[fpc-devel] Attn: J. Gareth // 3.3.1 opt = slower // Fwd: [Lazarus] Faster than popcnt

Marco van de Voort fpc at pascalprogramming.org
Tue Jan 4 17:03:42 CET 2022


On 4-1-2022 16:31, Martin Frb via fpc-devel wrote:
>
>> Weird as mine is inlined with -Cpcoreavx -O4, with no special 
>> handling for 0. But that does put some things on shaky ground. Maybe 
>> zero the result before hand?
>
> Same here.

I looked up popcnt and found nothing about not setting if zero. (E.g. 
https://www.felixcloutier.com/x86/popcnt )

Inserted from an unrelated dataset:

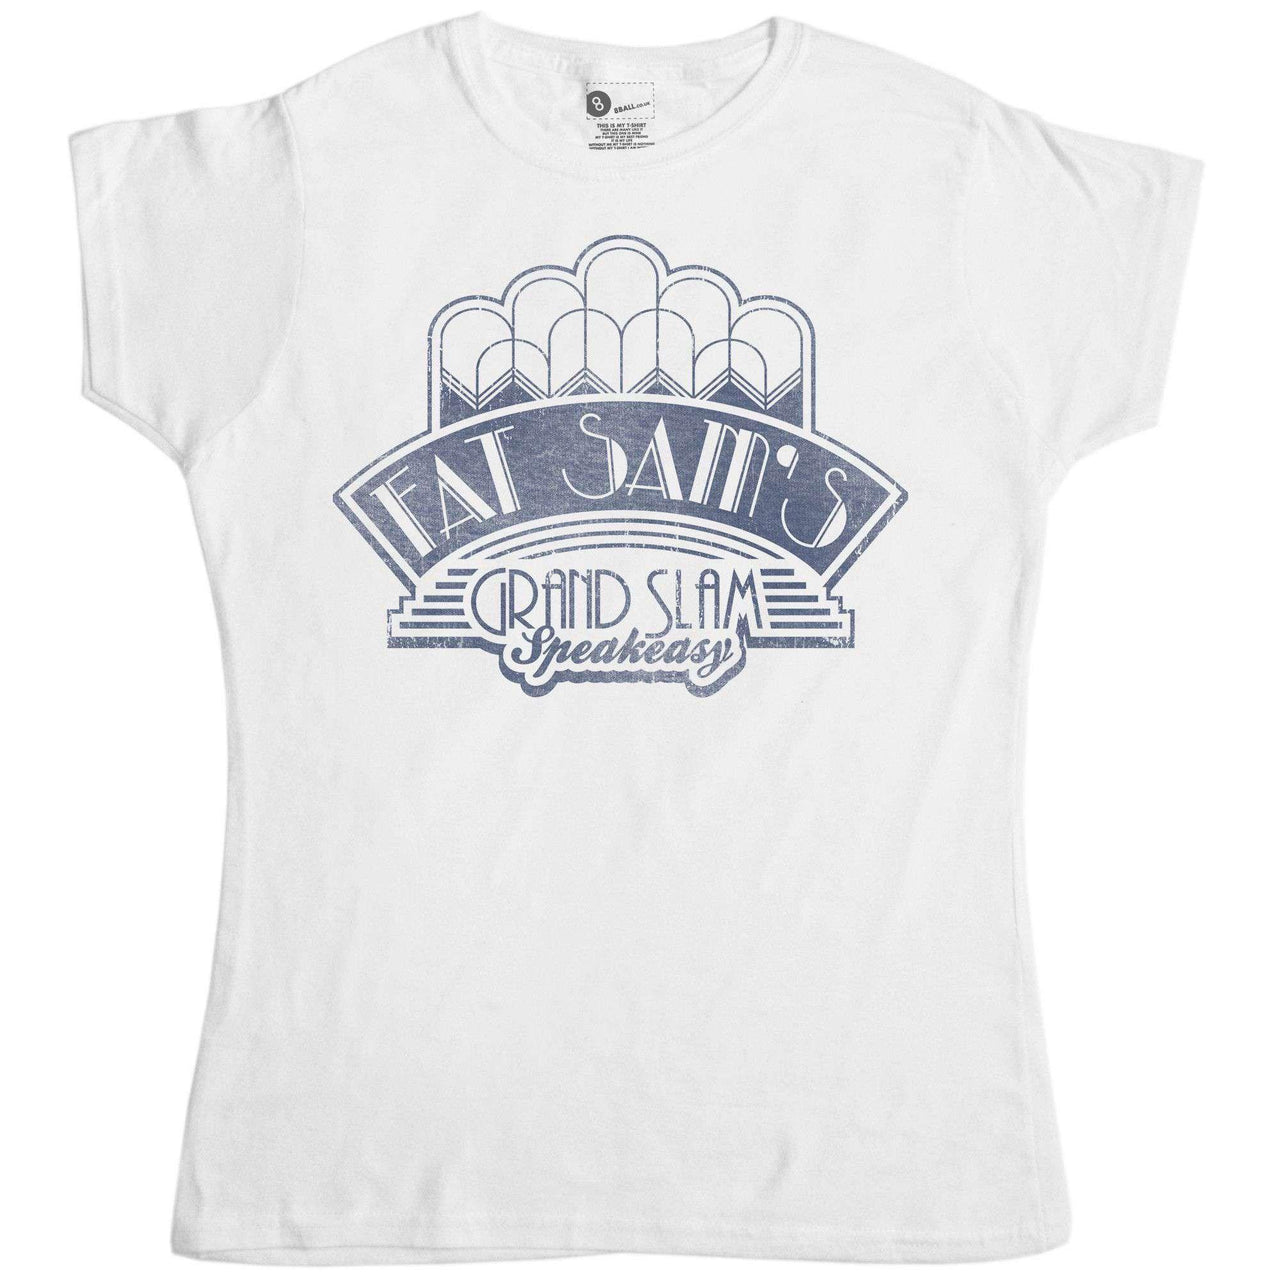 Fat Sam's Grand Slam Speakeasy Womens Style T-Shirt 8Ball
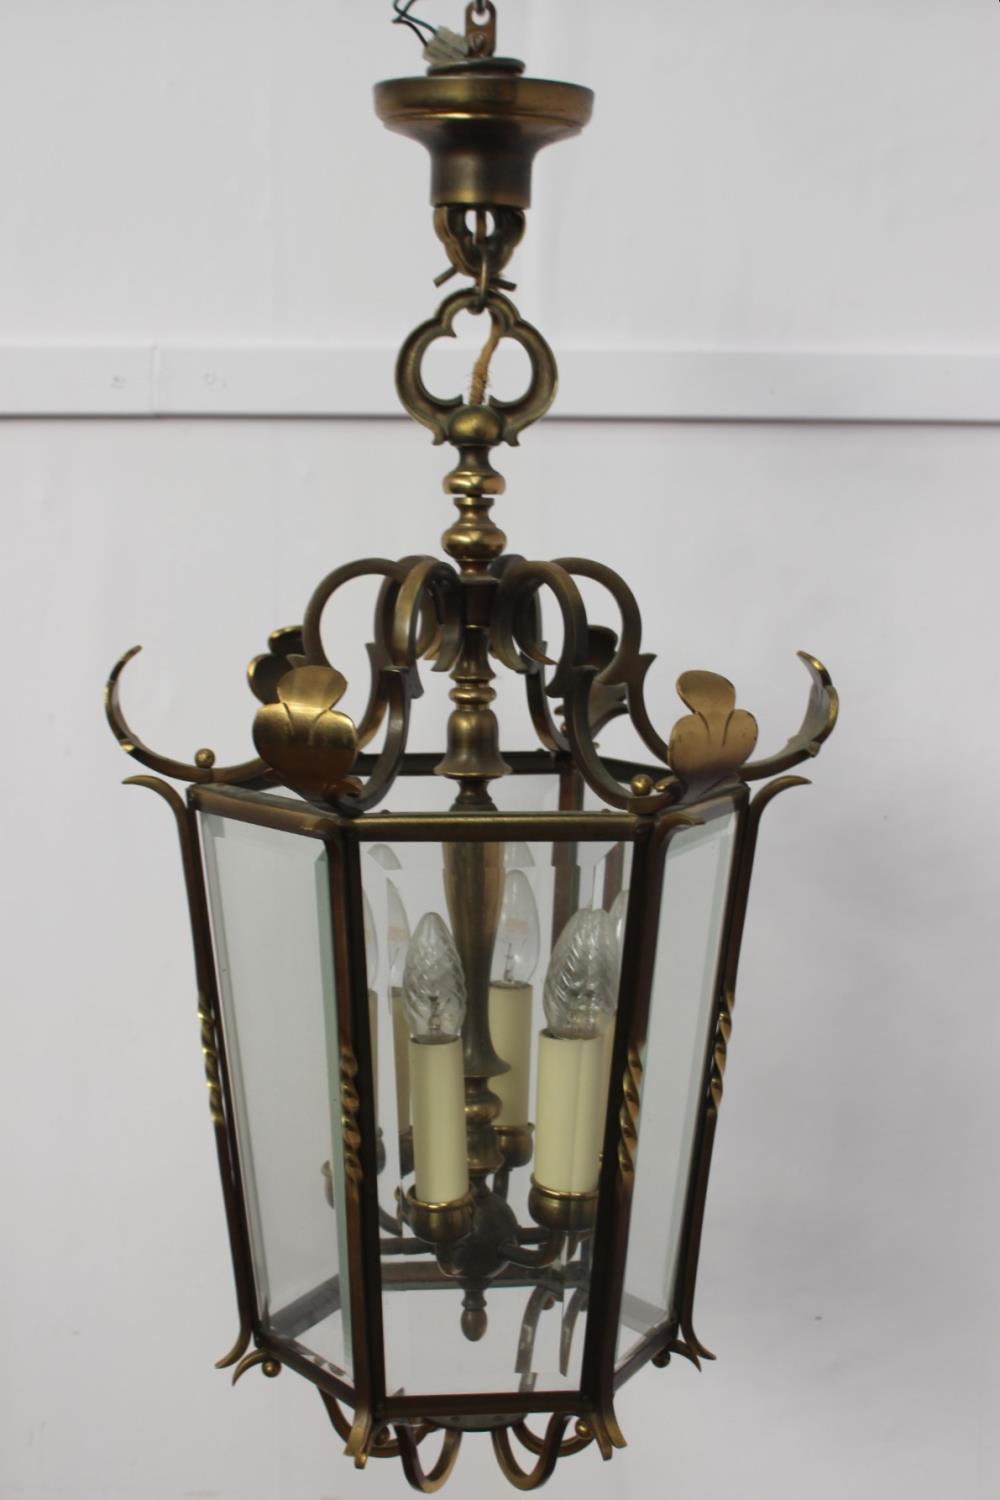 Decorative brass and glass hexagonal hall lantern { 78cm H X 30cm Dia }

I meanwhile also ran on my Ryzen 4800H laptop and updated the version on 
the web with the stats. The stats for the  long string are about as fast 
as on my i7-3770 (laptop vs desktop memory bandwidth? The ryzen should 
be faster in any way?!?), but the short one (40 bytes) is significantly 
faster. What I don't get is why the assembler version seems 
systematically faster even for the short code. The generated asm is 
nearly the same.

Also notable is that on this machine with popcnt (-Cpcoreavx), the 
popcnt version is as fast as the add function within error margins, so 
probably popcnt instruction is faster(lower latency) and thus less of a 
bottleneck on this machine.  Note that the POP() function is half the 
size, so that makes it better for newer machines.

---------

Note that I test on Windows, so it might be that the "two times load" is 
a difference somehow due to different codegeneration on windows

>
> ----------------------------------------
> About UTF8LengthFast()
>
> Well, before I get to this, I noted something weird.....
>
> 2 runs, compiled with the same compiler ( 3.2.3 ), and the same 
> settings, with the only difference: -gw3 or not -gw3
> => And the speed differed.  600 (with dwarf)  vs 700 (no dwarf) / 
> reproducible.

I also have seen this, while working on the code. And indeed mainly with 
the "fast" one. It also explains why the assembler is always consistent, 
it suffers less from detail code changes when I e.g. update FPC from 
git, and thus different alignment. (assuming that the section starts are 
always aligned)

> Alignment. 16 vs 32 bit. Can that make a difference?
> According to: 
> https://stackoverflow.com/questions/61016077/32-byte-aligned-routine-does-not-fit-the-uops-cache

Seems to be a problem of the Skylake and later archs, which I no longer 
have. The i7 is too old, and the others are AMD.